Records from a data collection
########

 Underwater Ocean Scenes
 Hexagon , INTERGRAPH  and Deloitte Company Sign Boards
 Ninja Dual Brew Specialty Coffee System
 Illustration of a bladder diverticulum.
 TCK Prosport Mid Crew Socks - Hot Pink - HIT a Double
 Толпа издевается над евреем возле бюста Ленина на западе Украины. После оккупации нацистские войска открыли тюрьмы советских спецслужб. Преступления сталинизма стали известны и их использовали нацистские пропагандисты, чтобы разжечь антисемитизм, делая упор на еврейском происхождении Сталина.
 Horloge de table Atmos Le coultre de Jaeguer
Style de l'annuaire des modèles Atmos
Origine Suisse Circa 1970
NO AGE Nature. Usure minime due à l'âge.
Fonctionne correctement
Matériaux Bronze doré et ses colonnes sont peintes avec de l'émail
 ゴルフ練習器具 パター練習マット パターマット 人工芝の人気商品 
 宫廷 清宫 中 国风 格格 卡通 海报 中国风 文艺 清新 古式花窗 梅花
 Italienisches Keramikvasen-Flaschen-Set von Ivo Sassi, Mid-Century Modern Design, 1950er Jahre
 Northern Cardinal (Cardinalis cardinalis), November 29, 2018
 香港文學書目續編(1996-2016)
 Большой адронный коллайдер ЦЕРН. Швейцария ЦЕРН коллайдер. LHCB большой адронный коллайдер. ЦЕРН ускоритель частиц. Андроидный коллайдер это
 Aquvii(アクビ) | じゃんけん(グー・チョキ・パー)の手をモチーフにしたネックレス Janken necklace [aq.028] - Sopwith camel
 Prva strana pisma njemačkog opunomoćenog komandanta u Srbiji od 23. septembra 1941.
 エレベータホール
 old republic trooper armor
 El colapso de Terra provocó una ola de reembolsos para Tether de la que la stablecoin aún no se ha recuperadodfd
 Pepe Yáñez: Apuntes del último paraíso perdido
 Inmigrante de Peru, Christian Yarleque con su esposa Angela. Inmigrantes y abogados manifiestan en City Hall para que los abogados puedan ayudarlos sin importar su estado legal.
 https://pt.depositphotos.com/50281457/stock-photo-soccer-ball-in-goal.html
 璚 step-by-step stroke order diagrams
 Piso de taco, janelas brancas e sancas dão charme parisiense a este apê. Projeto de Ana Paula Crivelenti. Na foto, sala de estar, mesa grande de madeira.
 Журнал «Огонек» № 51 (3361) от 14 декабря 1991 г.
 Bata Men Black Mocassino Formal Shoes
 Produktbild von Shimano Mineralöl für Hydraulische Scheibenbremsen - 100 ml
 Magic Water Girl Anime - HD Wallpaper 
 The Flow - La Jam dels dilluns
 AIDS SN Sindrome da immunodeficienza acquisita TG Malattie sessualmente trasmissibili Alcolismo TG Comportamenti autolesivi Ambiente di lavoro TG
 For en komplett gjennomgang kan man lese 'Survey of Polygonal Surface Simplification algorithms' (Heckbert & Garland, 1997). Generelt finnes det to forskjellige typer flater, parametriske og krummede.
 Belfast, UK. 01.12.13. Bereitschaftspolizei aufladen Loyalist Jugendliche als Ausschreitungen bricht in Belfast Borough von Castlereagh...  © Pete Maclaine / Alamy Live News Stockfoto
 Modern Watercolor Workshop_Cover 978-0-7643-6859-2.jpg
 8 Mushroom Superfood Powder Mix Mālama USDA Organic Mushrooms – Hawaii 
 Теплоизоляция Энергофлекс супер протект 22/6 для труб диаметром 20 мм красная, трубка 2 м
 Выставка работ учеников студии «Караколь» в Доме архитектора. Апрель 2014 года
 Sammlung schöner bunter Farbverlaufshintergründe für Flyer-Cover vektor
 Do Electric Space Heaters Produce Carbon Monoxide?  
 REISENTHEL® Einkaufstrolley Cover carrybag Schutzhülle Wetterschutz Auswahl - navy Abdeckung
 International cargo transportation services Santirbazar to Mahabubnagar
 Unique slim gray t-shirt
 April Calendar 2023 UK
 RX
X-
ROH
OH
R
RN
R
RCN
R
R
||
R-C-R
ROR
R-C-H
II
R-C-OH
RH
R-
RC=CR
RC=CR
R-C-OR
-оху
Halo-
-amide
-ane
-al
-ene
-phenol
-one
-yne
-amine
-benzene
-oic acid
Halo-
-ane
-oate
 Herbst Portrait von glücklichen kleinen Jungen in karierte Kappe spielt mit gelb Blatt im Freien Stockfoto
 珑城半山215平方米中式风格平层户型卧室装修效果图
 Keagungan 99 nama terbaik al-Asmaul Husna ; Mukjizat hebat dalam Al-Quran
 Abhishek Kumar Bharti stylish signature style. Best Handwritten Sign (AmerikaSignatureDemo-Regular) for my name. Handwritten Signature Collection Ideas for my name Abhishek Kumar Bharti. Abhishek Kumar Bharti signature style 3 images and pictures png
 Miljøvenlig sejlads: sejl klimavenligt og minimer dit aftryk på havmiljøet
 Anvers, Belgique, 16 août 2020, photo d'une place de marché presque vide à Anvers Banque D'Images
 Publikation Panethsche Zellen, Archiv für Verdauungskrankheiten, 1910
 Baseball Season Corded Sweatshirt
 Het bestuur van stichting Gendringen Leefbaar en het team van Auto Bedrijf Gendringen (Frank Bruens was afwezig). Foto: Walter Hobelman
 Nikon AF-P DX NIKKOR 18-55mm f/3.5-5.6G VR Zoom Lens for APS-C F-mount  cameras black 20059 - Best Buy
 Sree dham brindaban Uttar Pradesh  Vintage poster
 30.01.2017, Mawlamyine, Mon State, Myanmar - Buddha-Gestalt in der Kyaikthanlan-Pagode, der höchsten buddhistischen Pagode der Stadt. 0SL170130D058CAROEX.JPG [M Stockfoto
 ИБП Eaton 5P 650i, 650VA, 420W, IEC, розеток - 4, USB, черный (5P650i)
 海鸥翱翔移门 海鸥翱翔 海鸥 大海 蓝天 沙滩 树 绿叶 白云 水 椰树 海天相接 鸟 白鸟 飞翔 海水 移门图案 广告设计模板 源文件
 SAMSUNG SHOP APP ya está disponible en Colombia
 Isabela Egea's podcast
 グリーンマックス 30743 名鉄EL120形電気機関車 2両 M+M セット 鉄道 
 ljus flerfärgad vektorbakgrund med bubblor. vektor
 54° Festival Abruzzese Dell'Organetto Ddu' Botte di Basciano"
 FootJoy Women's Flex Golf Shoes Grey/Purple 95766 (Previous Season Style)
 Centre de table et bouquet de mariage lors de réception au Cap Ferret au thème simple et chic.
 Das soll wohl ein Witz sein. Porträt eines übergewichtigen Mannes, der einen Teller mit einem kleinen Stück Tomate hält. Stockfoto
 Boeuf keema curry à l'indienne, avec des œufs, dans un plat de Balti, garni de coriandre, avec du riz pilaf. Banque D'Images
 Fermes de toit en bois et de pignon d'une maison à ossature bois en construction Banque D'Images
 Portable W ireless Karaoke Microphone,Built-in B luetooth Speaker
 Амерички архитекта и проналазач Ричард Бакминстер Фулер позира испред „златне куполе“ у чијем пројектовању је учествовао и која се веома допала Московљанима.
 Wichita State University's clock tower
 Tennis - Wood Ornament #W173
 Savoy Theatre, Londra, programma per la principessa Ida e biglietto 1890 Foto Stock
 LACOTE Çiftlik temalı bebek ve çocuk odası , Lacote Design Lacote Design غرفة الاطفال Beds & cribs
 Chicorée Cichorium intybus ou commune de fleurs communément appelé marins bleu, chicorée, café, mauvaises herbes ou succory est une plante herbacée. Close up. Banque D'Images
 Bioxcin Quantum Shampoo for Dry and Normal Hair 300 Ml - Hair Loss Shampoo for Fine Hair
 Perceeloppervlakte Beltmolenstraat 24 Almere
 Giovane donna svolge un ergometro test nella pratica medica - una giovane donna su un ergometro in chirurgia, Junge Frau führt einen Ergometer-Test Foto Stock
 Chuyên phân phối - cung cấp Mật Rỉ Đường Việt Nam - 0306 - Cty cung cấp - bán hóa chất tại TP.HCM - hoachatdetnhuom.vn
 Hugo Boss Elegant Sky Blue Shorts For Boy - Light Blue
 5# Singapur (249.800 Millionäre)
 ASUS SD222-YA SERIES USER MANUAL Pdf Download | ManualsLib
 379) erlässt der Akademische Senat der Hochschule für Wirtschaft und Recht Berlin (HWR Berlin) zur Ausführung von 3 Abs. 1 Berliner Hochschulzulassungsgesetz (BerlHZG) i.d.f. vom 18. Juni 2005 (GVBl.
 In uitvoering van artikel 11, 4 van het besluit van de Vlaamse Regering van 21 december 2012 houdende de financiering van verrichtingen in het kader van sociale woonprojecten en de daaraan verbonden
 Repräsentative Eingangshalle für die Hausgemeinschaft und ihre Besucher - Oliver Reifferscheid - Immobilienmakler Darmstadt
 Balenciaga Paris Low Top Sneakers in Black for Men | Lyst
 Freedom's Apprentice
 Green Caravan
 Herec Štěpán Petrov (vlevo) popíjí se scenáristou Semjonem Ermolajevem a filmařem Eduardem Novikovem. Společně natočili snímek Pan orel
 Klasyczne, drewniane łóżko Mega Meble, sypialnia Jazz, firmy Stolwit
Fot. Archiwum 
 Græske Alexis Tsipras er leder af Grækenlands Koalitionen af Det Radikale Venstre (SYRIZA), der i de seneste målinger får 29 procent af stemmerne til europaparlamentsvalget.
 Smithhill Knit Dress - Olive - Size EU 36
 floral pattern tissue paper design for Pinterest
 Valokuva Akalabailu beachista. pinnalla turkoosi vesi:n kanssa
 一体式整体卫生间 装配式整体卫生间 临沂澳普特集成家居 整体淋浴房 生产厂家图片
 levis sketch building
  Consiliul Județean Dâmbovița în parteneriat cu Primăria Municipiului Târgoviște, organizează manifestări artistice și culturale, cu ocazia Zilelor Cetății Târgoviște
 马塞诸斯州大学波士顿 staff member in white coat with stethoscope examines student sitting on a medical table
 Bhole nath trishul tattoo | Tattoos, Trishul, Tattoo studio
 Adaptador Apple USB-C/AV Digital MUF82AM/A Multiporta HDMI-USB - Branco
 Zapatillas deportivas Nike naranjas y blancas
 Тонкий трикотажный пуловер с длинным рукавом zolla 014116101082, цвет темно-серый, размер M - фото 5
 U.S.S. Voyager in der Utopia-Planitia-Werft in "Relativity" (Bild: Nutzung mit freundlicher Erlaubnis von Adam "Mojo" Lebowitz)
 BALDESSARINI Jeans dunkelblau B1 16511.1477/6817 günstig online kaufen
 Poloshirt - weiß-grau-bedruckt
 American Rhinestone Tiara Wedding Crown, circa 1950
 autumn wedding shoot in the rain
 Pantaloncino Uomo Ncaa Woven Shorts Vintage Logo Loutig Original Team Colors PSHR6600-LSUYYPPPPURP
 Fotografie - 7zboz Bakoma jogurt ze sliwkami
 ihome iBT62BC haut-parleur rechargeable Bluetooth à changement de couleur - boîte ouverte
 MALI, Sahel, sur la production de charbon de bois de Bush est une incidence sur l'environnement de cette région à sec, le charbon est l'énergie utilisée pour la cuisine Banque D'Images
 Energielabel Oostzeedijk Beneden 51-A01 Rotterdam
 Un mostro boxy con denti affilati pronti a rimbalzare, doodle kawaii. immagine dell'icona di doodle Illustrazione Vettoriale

########

__PROBLEM__: What you return must be the lines above that run from the line with "Smithhill Knit Dress - Olive - Size EU 36" to the line with "ihome iBT62BC haut-parleur", inclusive, each copied exactly.

__RESULT BELOW__:
 Smithhill Knit Dress - Olive - Size EU 36
 floral pattern tissue paper design for Pinterest
 Valokuva Akalabailu beachista. pinnalla turkoosi vesi:n kanssa
 一体式整体卫生间 装配式整体卫生间 临沂澳普特集成家居 整体淋浴房 生产厂家图片
 levis sketch building
  Consiliul Județean Dâmbovița în parteneriat cu Primăria Municipiului Târgoviște, organizează manifestări artistice și culturale, cu ocazia Zilelor Cetății Târgoviște
 马塞诸斯州大学波士顿 staff member in white coat with stethoscope examines student sitting on a medical table
 Bhole nath trishul tattoo | Tattoos, Trishul, Tattoo studio
 Adaptador Apple USB-C/AV Digital MUF82AM/A Multiporta HDMI-USB - Branco
 Zapatillas deportivas Nike naranjas y blancas
 Тонкий трикотажный пуловер с длинным рукавом zolla 014116101082, цвет темно-серый, размер M - фото 5
 U.S.S. Voyager in der Utopia-Planitia-Werft in "Relativity" (Bild: Nutzung mit freundlicher Erlaubnis von Adam "Mojo" Lebowitz)
 BALDESSARINI Jeans dunkelblau B1 16511.1477/6817 günstig online kaufen
 Poloshirt - weiß-grau-bedruckt
 American Rhinestone Tiara Wedding Crown, circa 1950
 autumn wedding shoot in the rain
 Pantaloncino Uomo Ncaa Woven Shorts Vintage Logo Loutig Original Team Colors PSHR6600-LSUYYPPPPURP
 Fotografie - 7zboz Bakoma jogurt ze sliwkami
 ihome iBT62BC haut-parleur rechargeable Bluetooth à changement de couleur - boîte ouverte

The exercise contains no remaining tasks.